The data:
──────

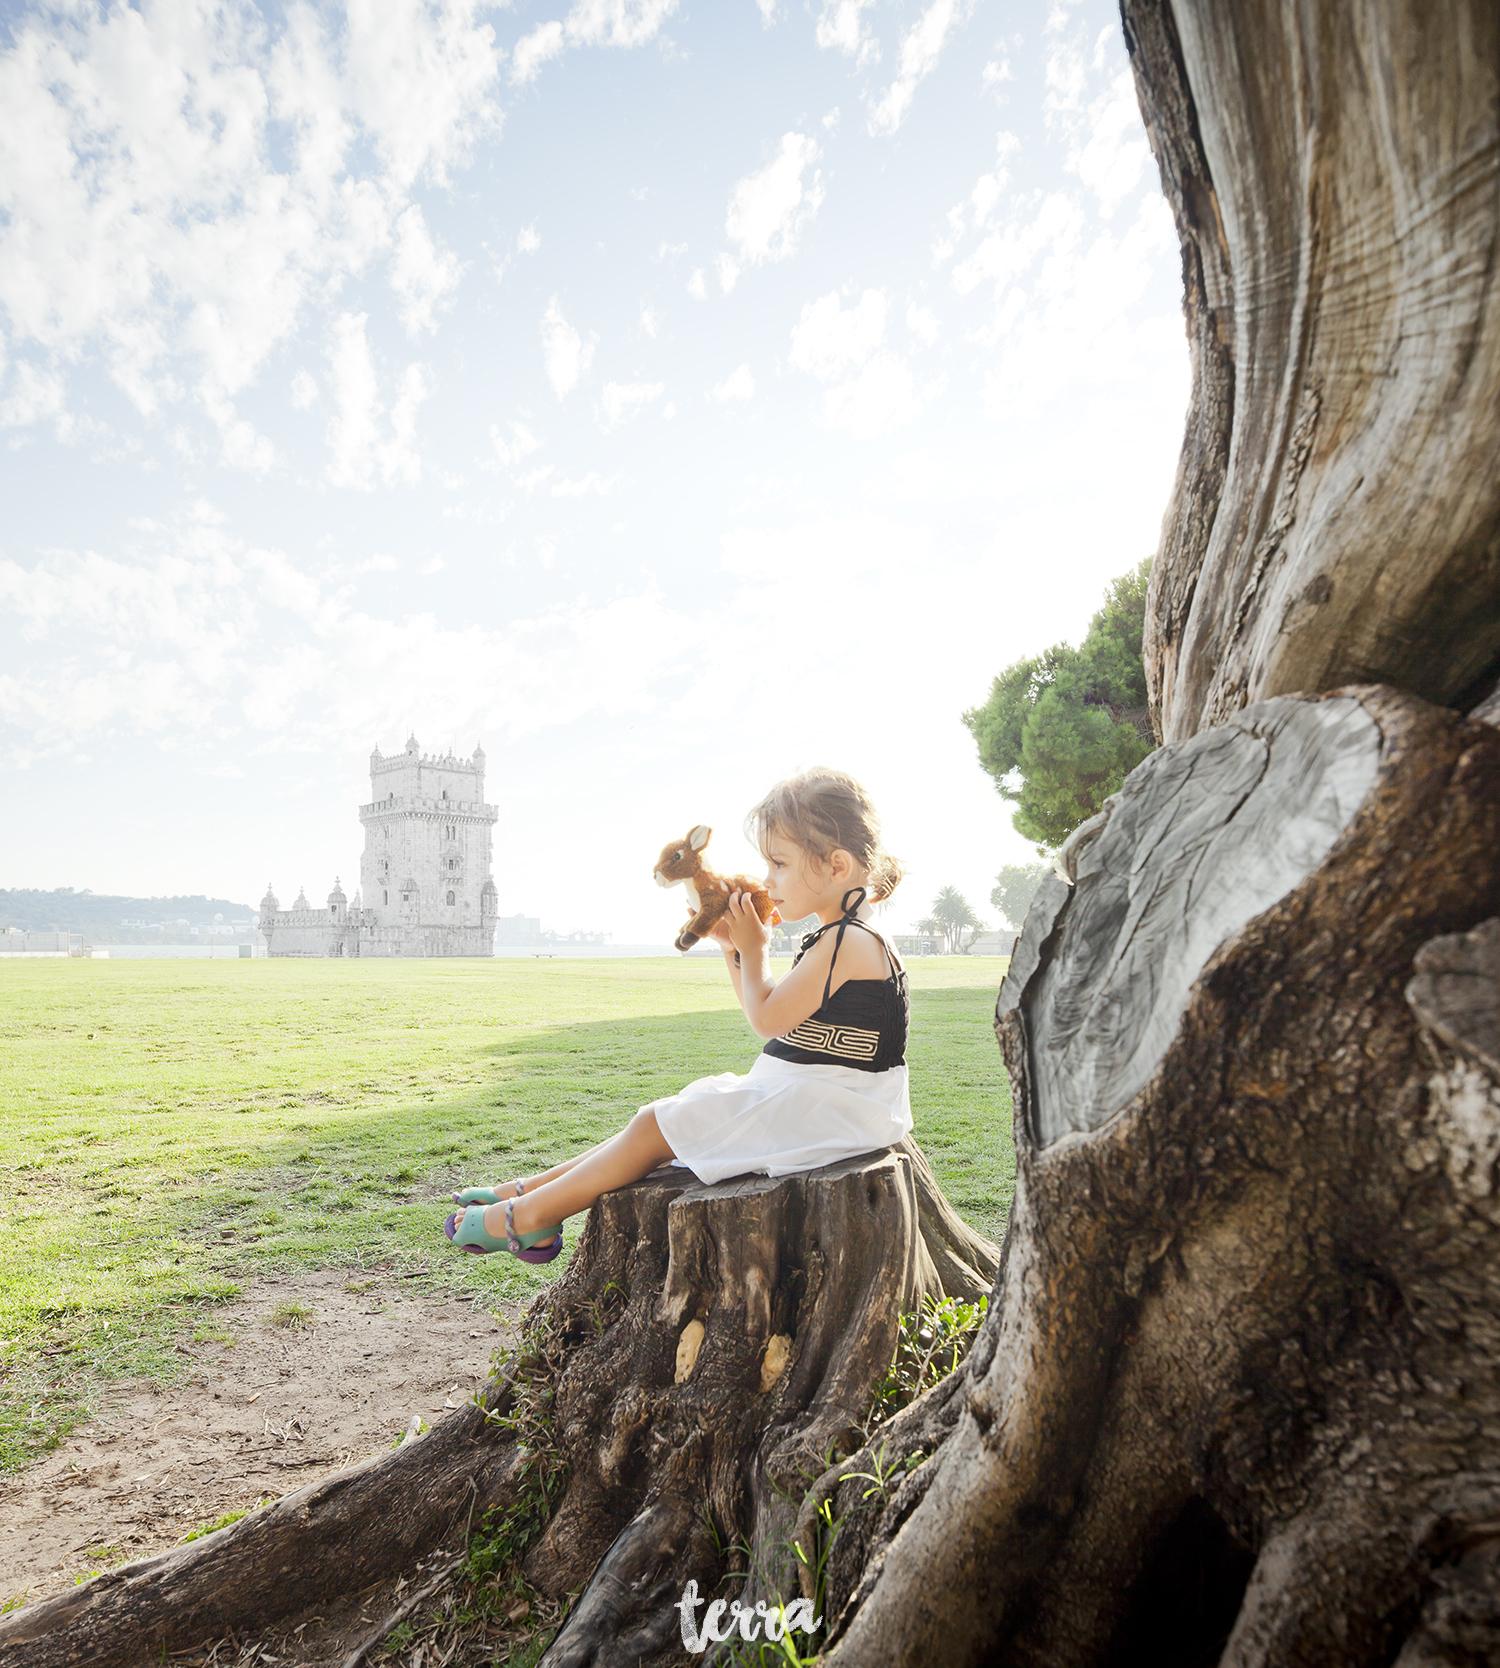 sessao-fotografica-familia-torre-belem-terra-fotografia-0007.jpg
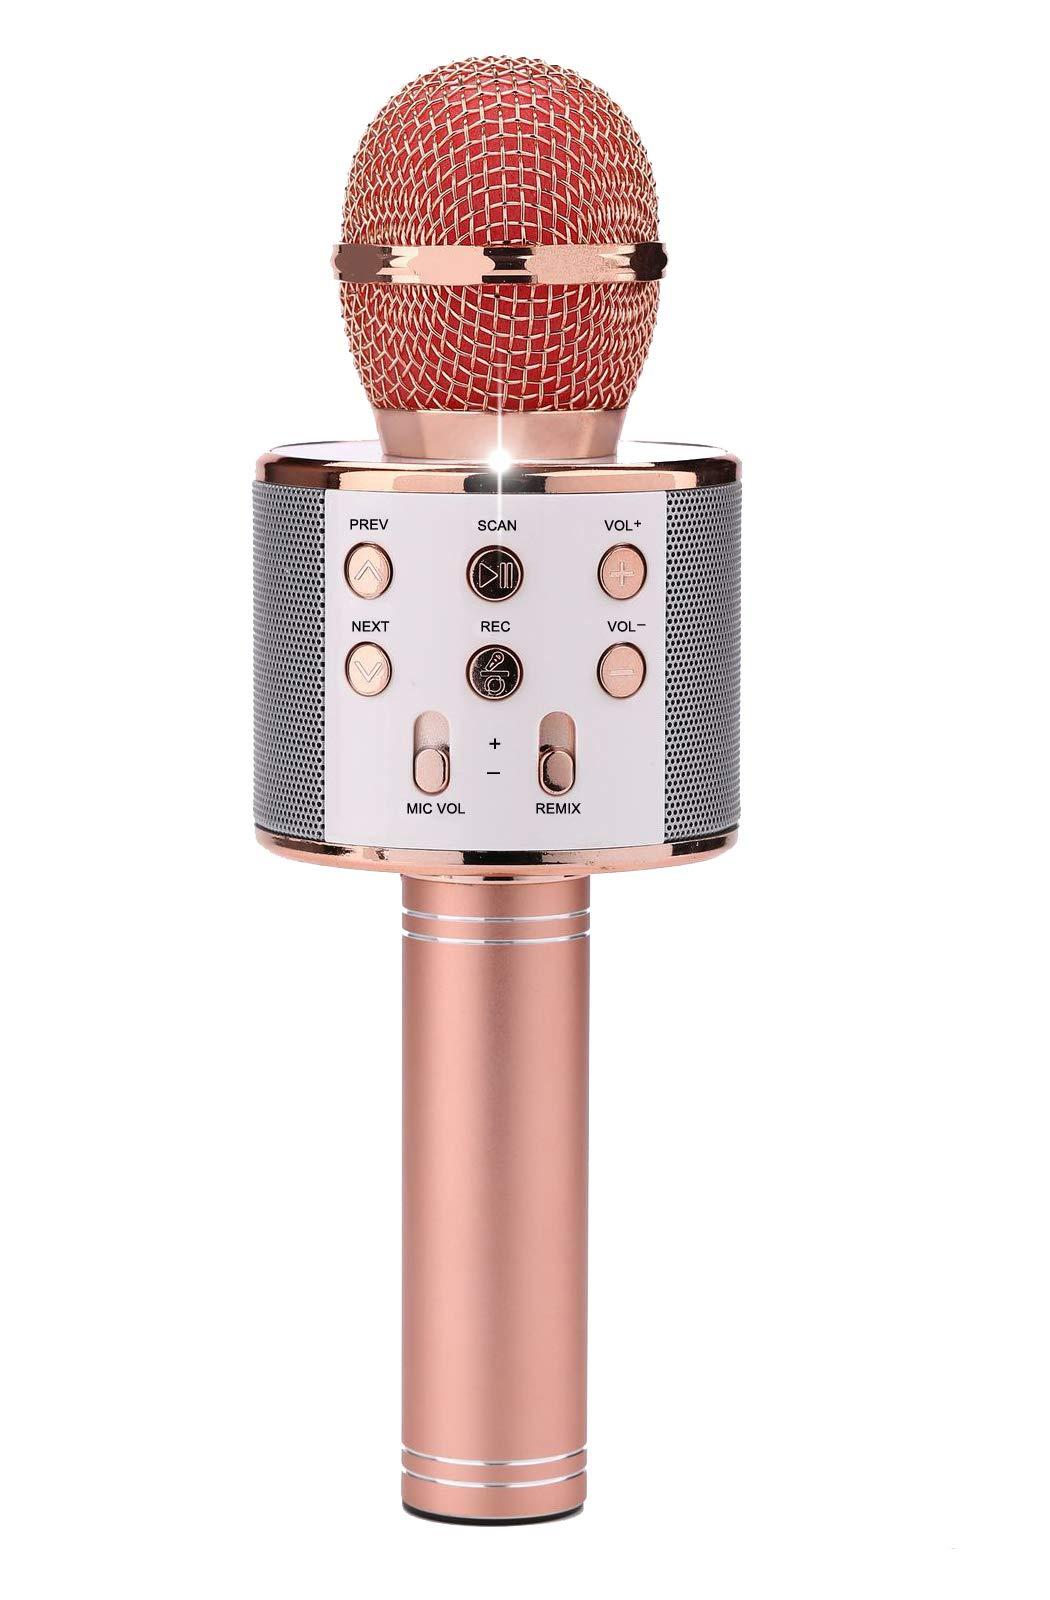 Magic Sound & FM Wireless Bluetooth Karaoke Microphone 3-in-1 Portable Speaker Machine (Rose Golden) by Natasa
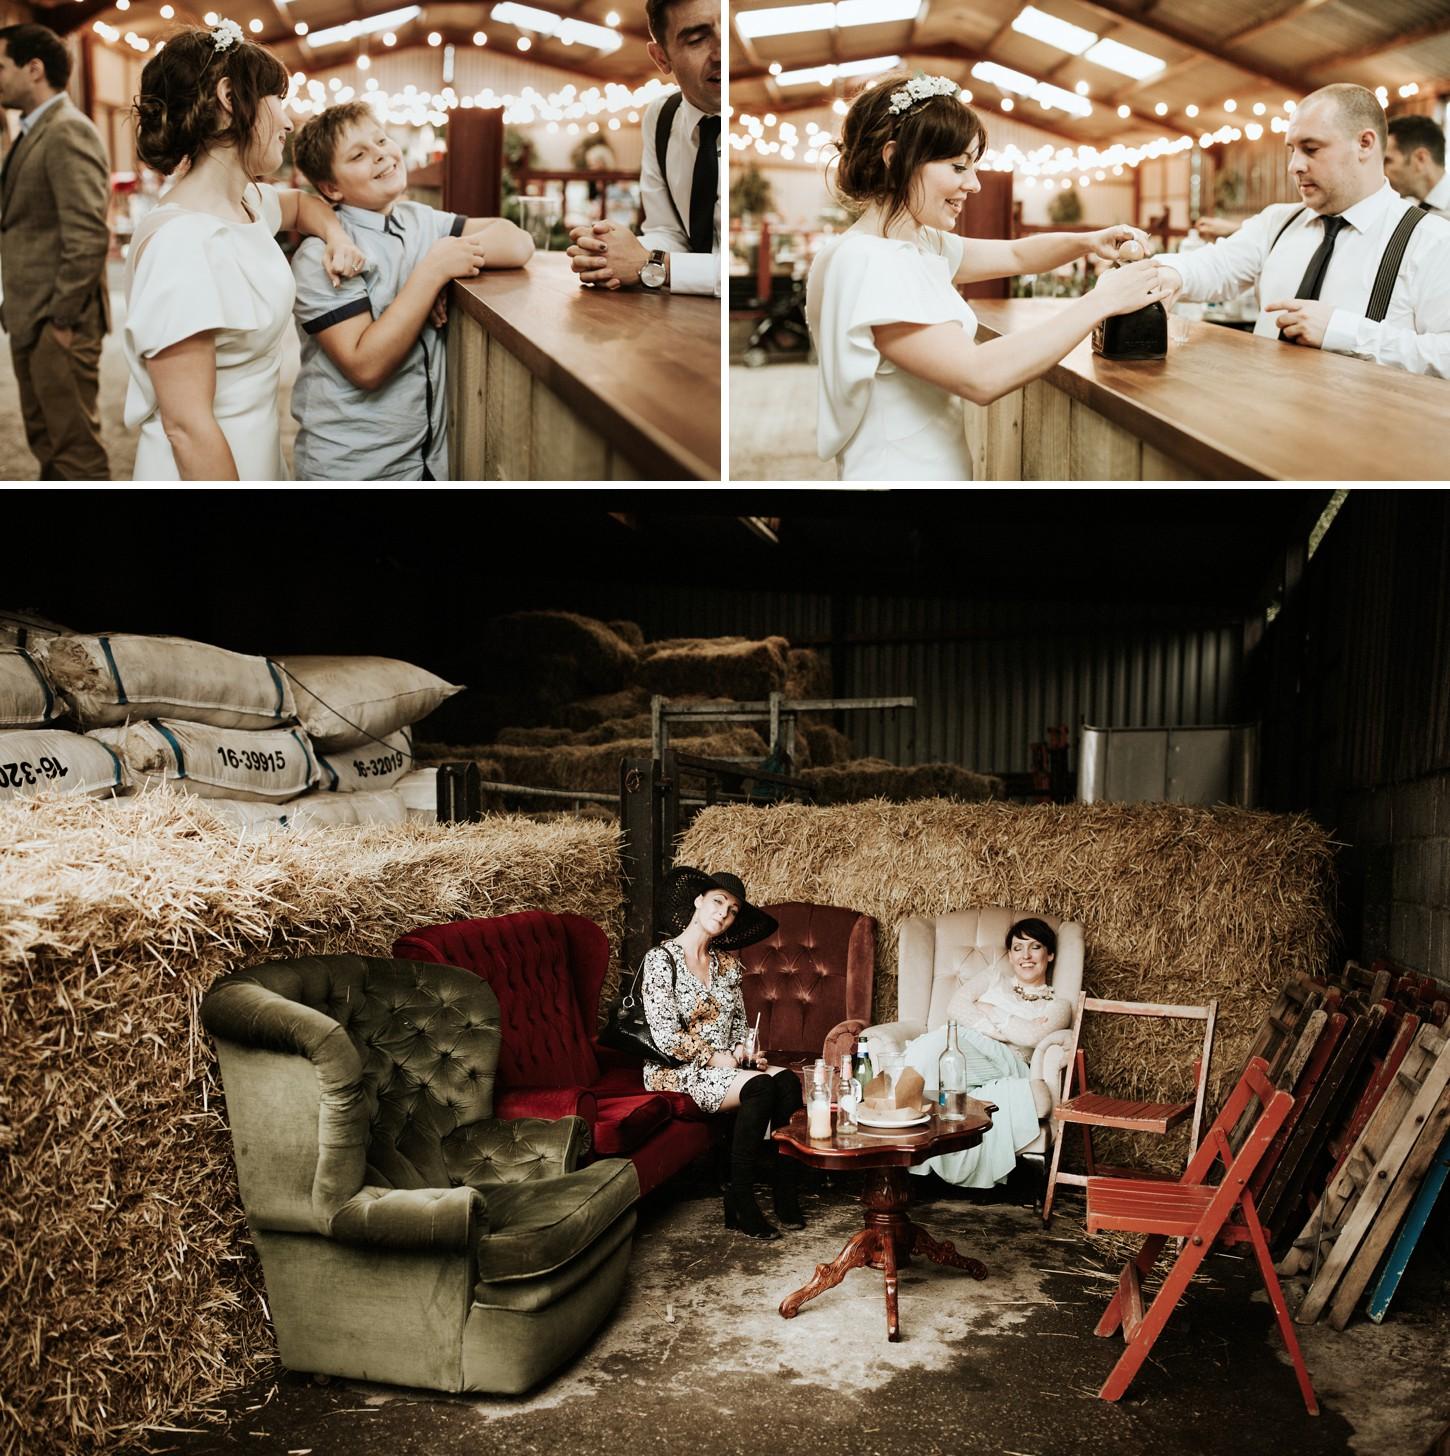 Dolau-Sheep-Farm-Wedding-Wales-United-Kingdom-067

──────

What this task involves: Would you write out the material above in full, exactly as given, except for its pictures?

Result below:
 sessao-fotografica-familia-torre-belem-terra-fotografia-0007.jpg
 Magic Sound & FM Wireless Bluetooth Karaoke Microphone 3-in-1 Portable Speaker Machine (Rose Golden) by Natasa
 Dolau-Sheep-Farm-Wedding-Wales-United-Kingdom-067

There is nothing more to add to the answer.